## Activity
Without the images, reproduce each line of the material exactly.

## Dataset section
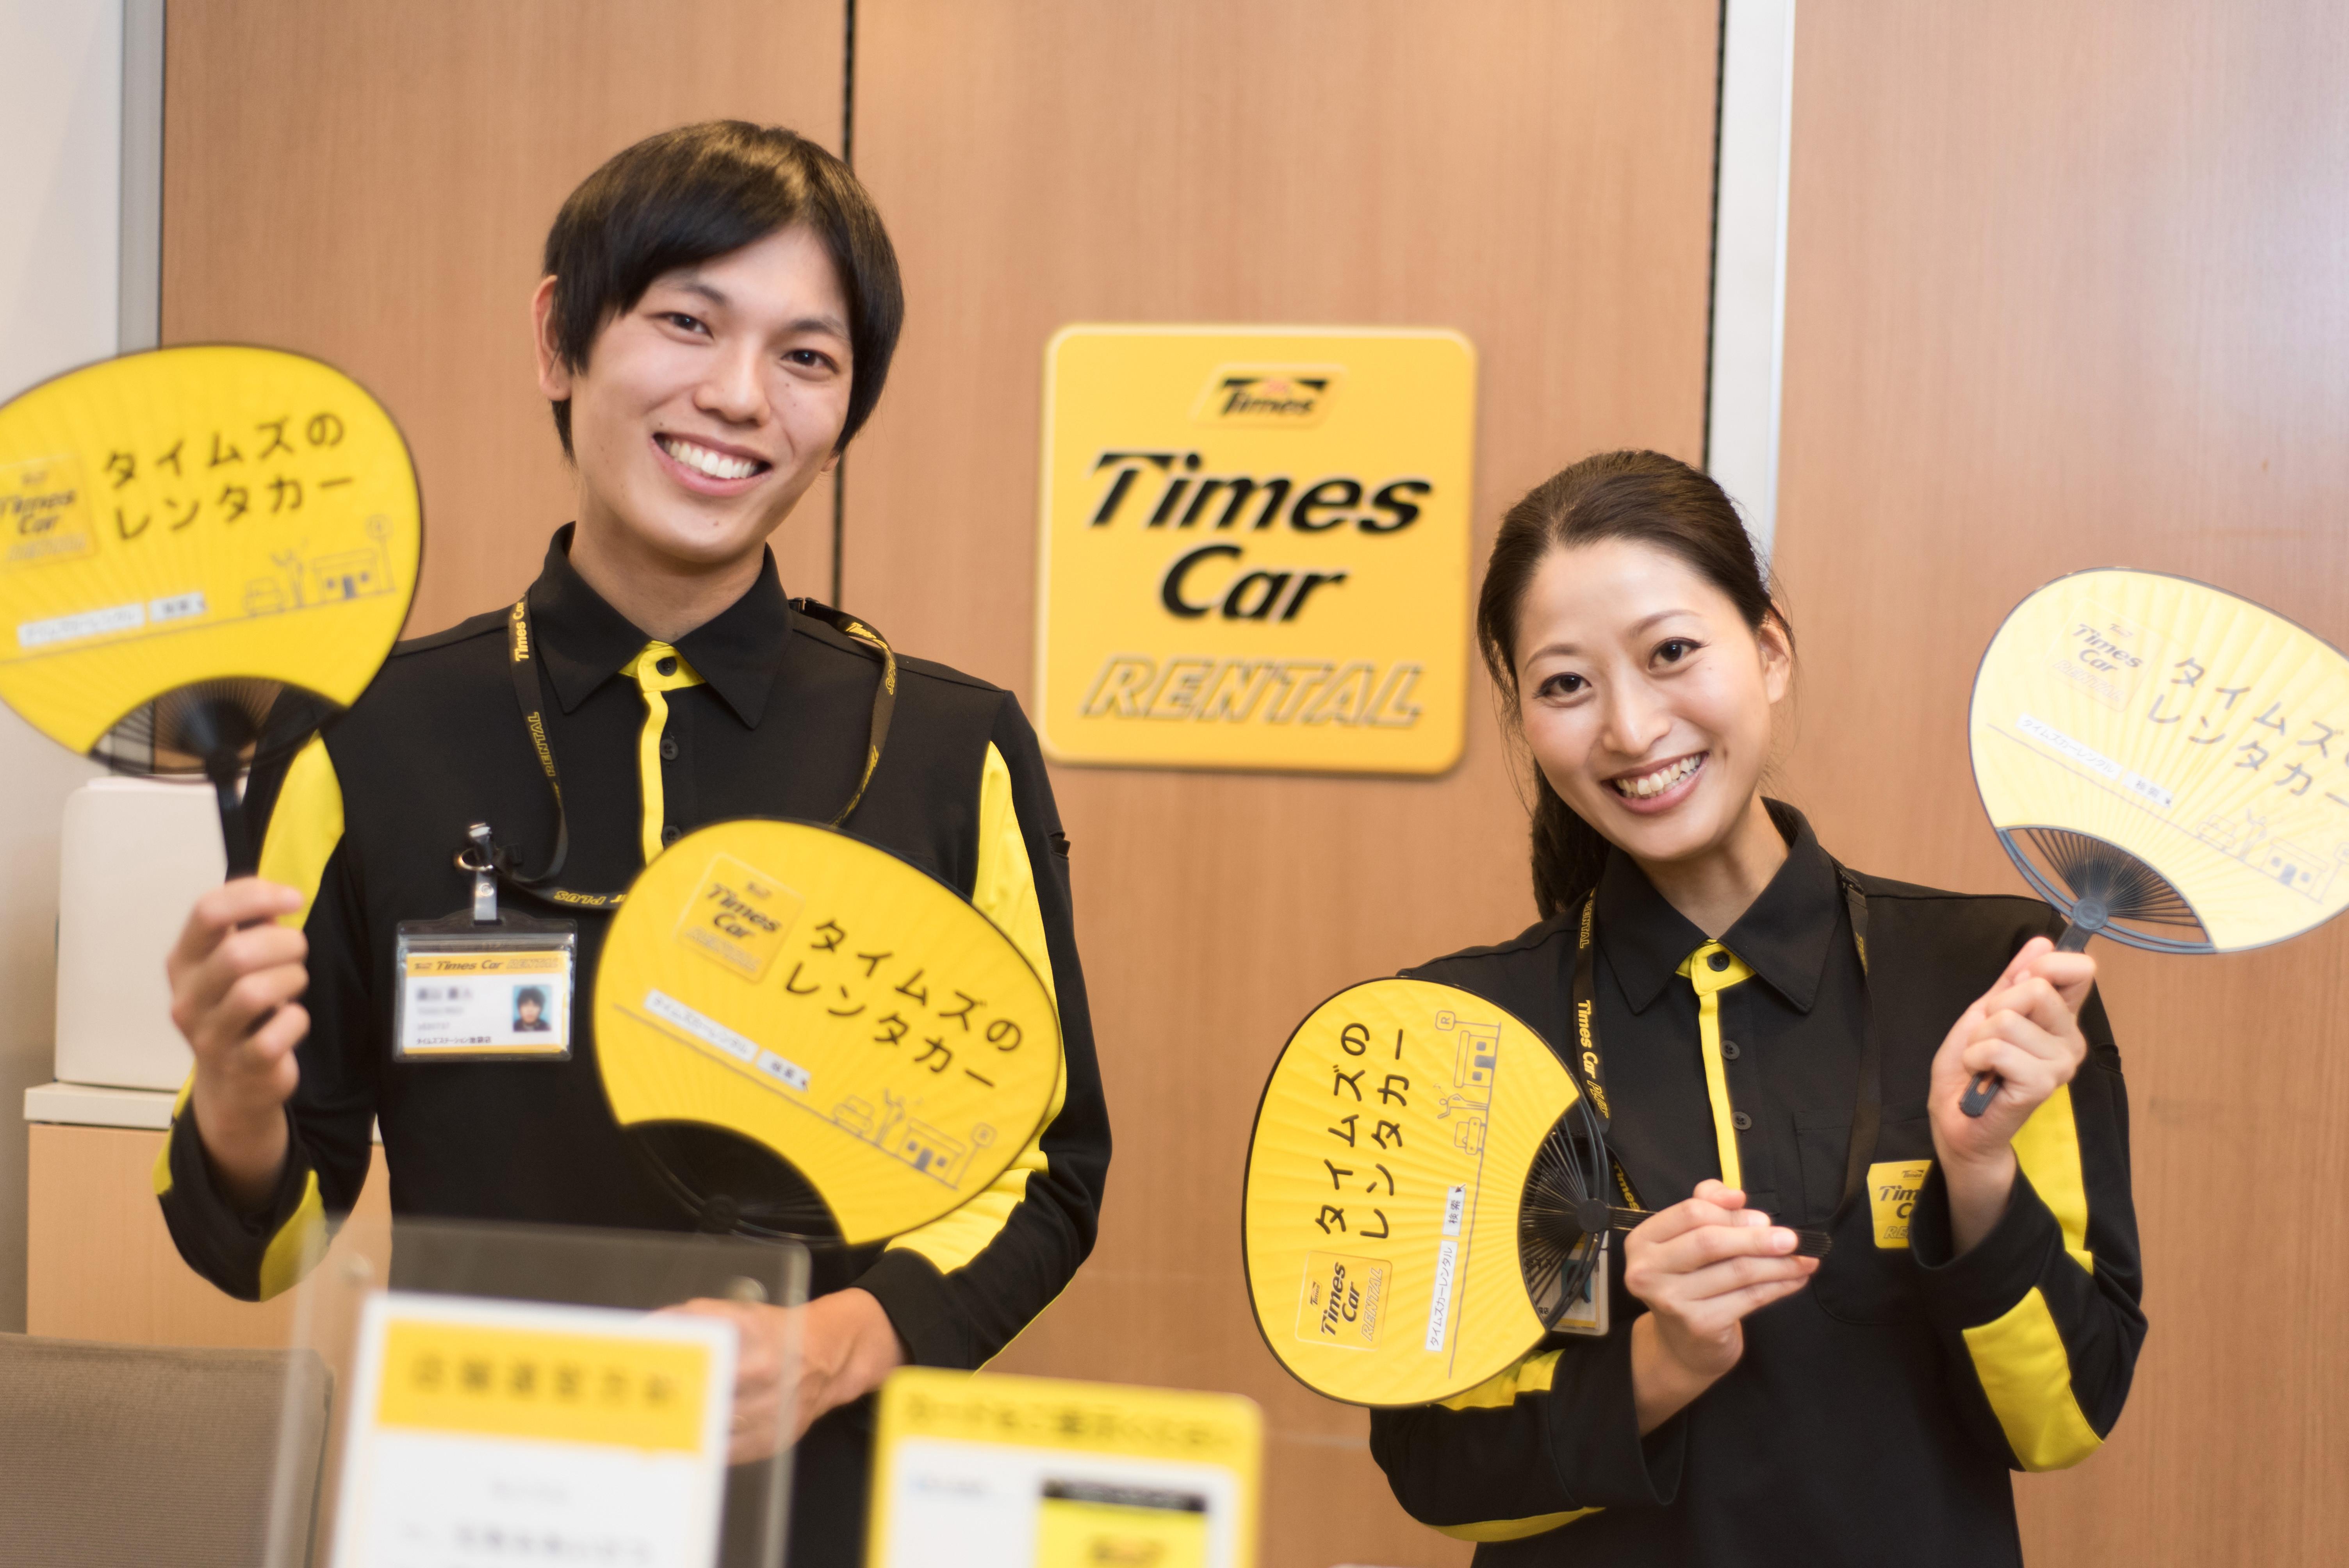 タイムズカーレンタル 新大阪駅前店 のアルバイト情報
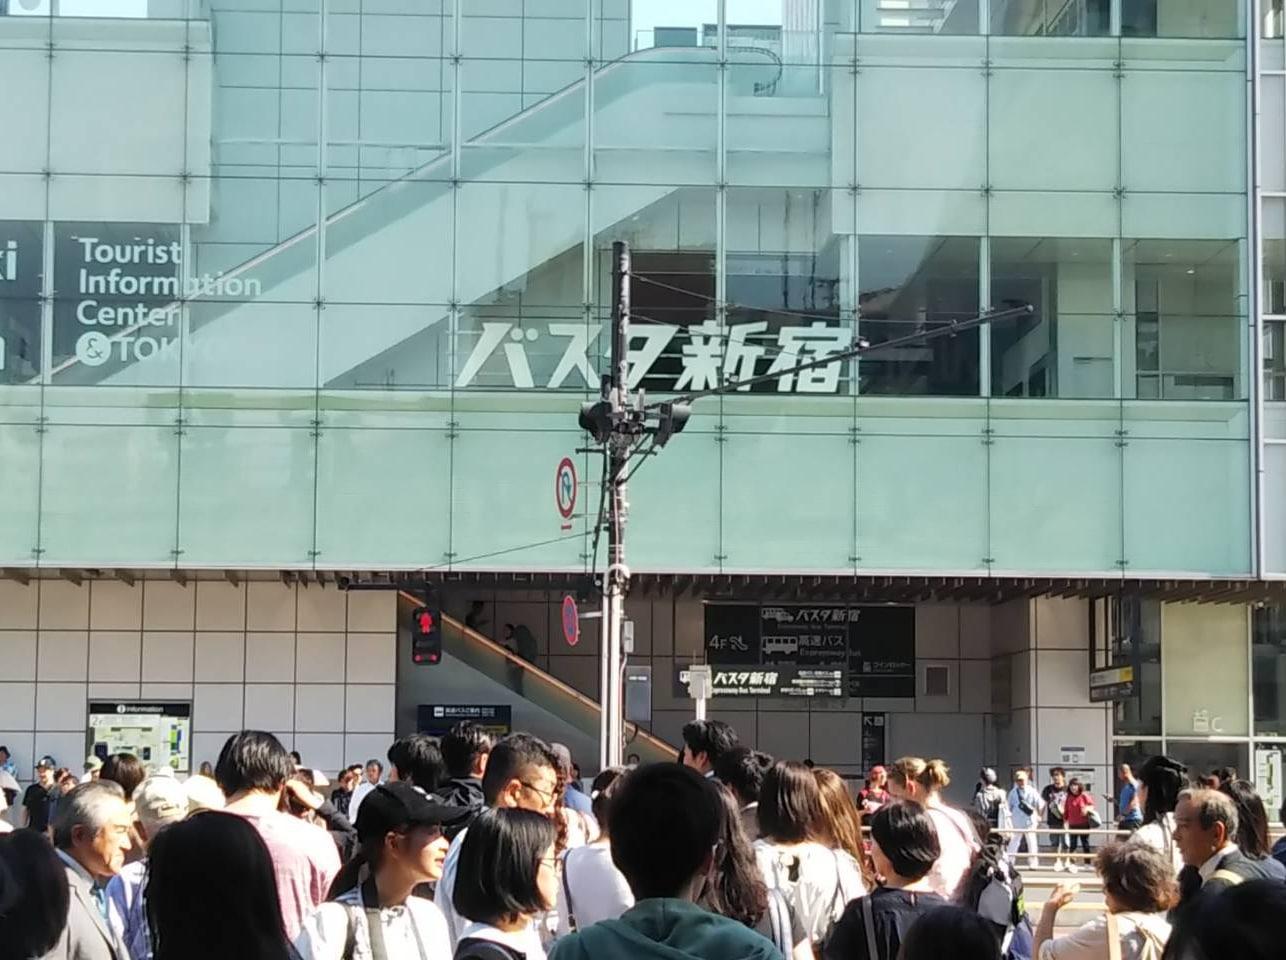 2.目の前にバスタ新宿が見えますので、その横断歩道を渡ります。
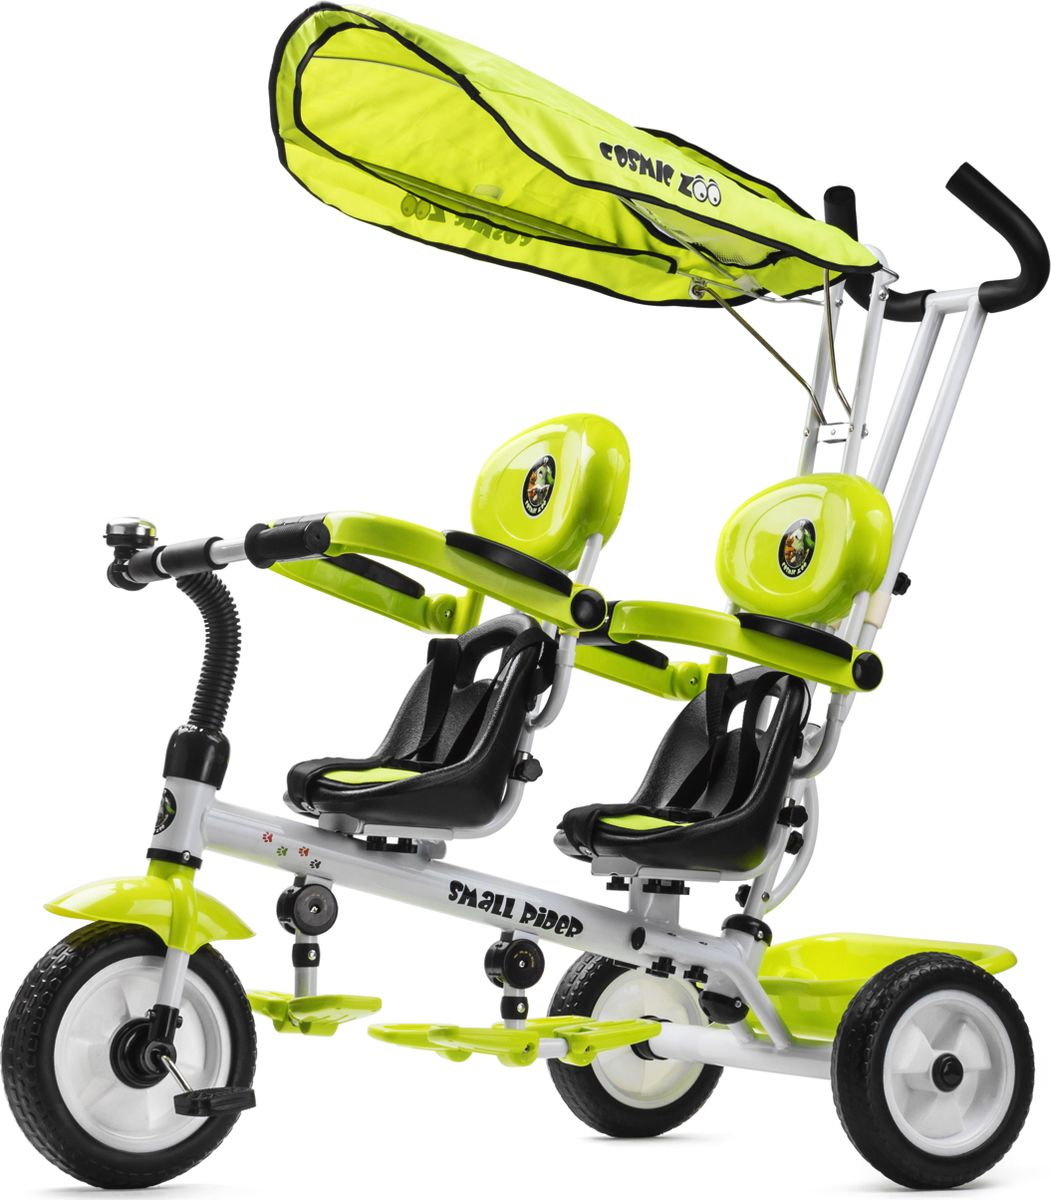 Small Rider Велосипед трехколесный для двоих детей Cosmic Zoo Twins цвет лайм -  Велосипеды-каталки

## Written solution
 タイムズカーレンタル 新大阪駅前店 のアルバイト情報
 2.目の前にバスタ新宿が見えますので、その横断歩道を渡ります。
 Small Rider Велосипед трехколесный для двоих детей Cosmic Zoo Twins цвет лайм -  Велосипеды-каталки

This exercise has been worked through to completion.